> **Raw data**:
_ _ _ _ _ _ _

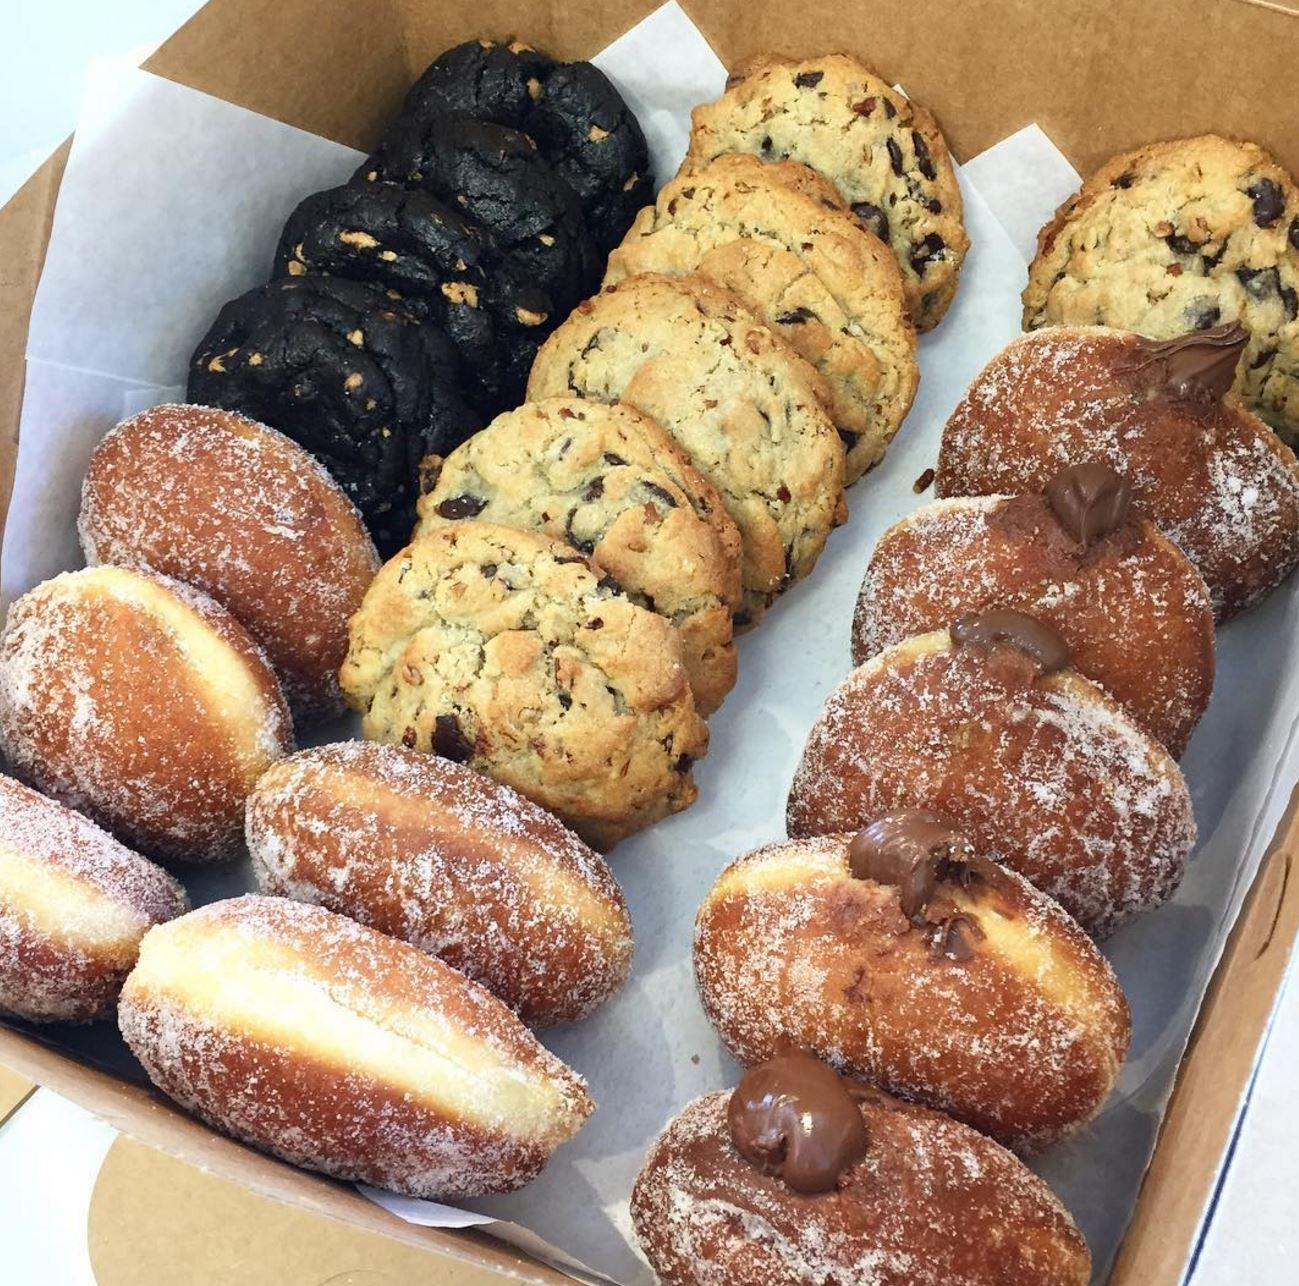 April 29 | Paderia Bakehouse in Fountain Valley Gives Out Free Malasadas
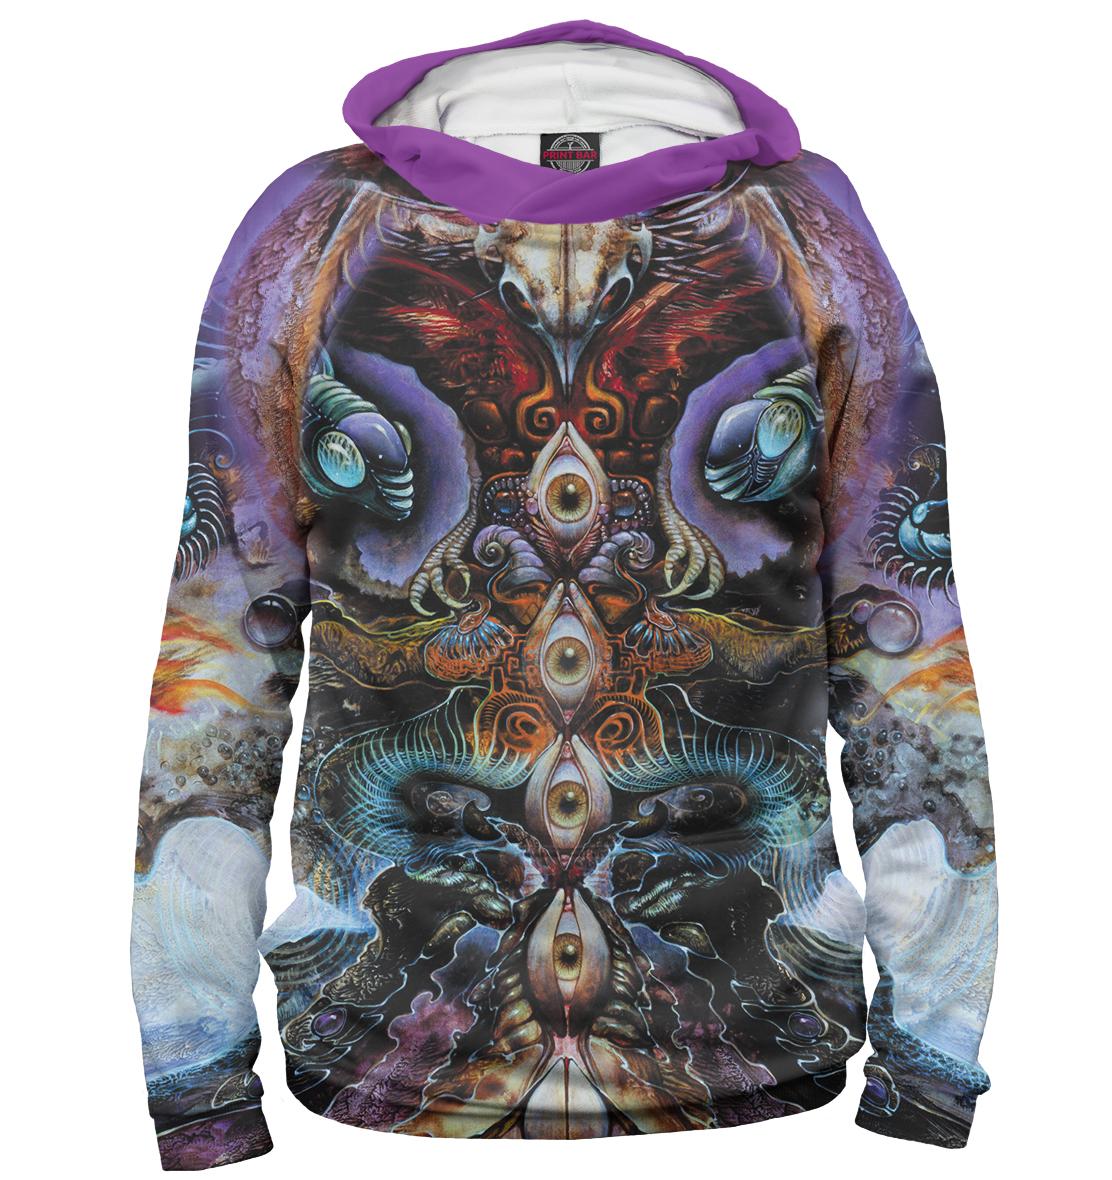 Купить Psychedelic, Printbar, Худи, PSY-635259-hud-1
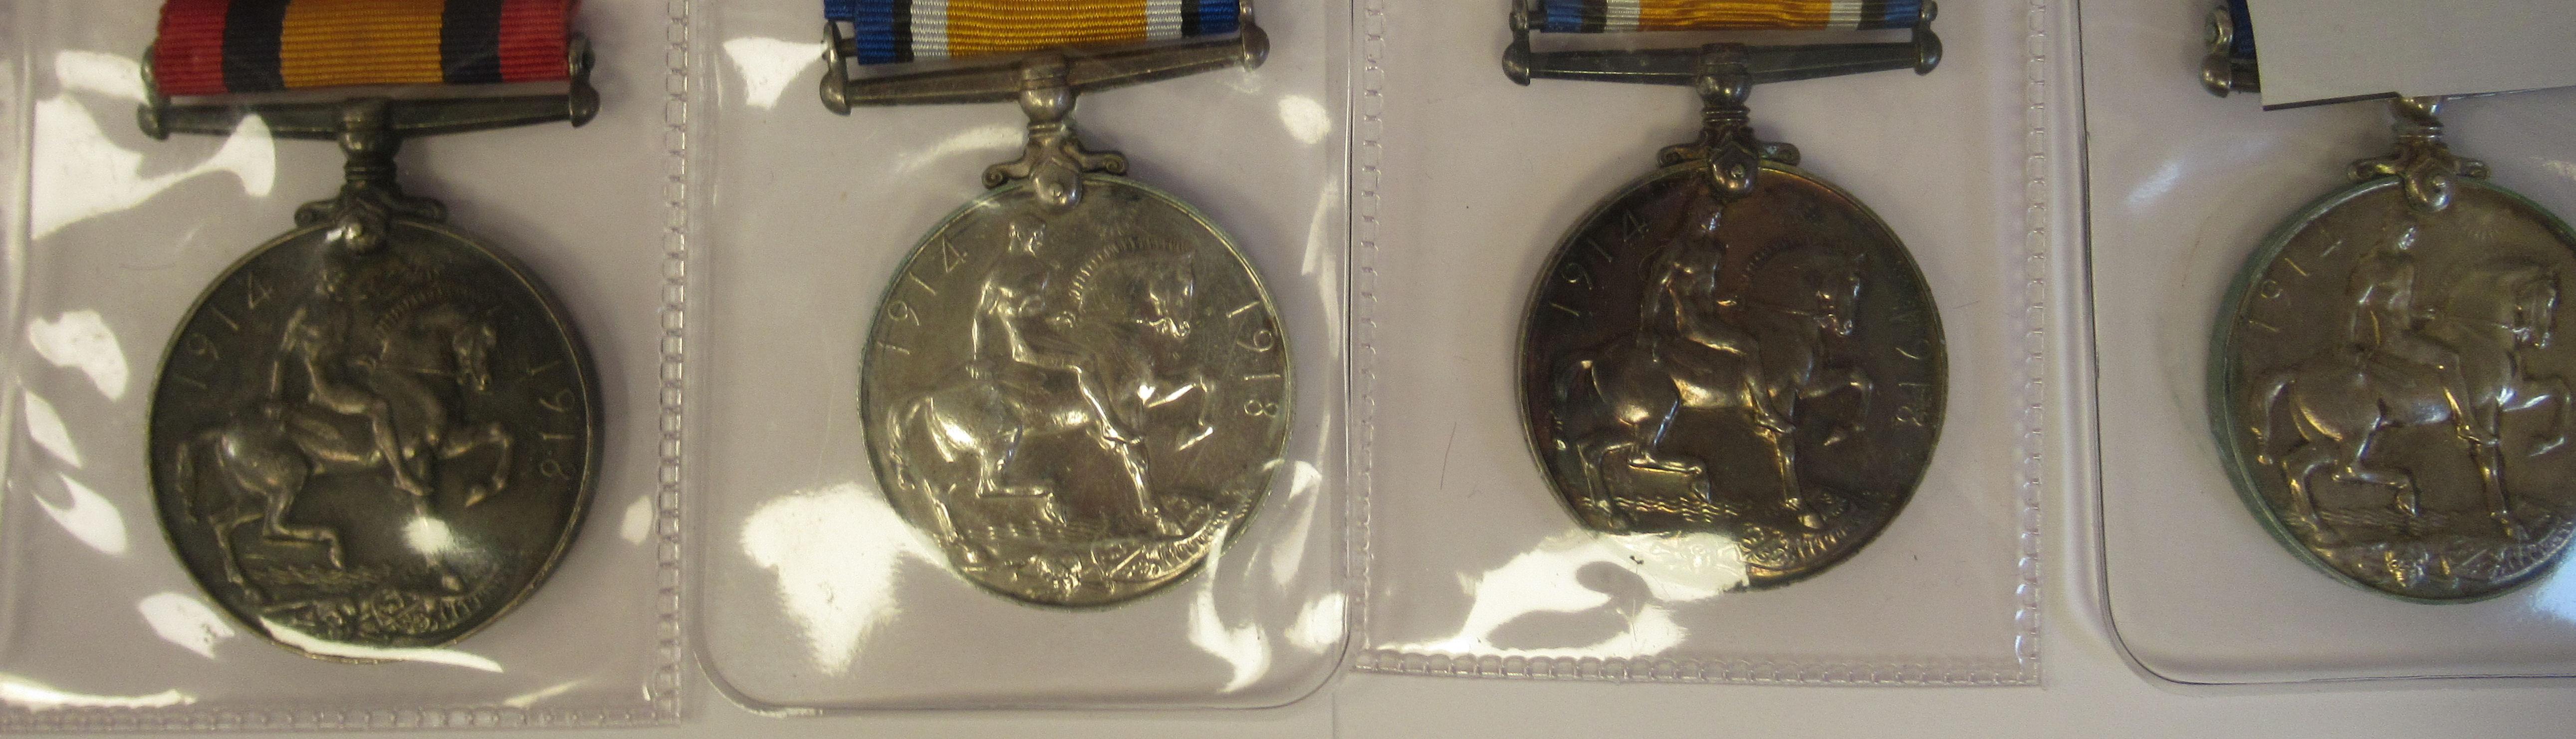 Twenty-four Great War 1914-1918 British service medals on ribbons, viz. 46481, Gnr. E. Williamson - Image 3 of 16

_ _ _ _ _ _ _

> **Problem requirements**: Pictures are to be omitted. The lines from the line holding "Купить Psychedelic, Printbar, Худи, PSY-635259-hud-1" through the closing line of the data above are to be set down exactly, and nothing more.

> **Task response**:
 Купить Psychedelic, Printbar, Худи, PSY-635259-hud-1
 Twenty-four Great War 1914-1918 British service medals on ribbons, viz. 46481, Gnr. E. Williamson - Image 3 of 16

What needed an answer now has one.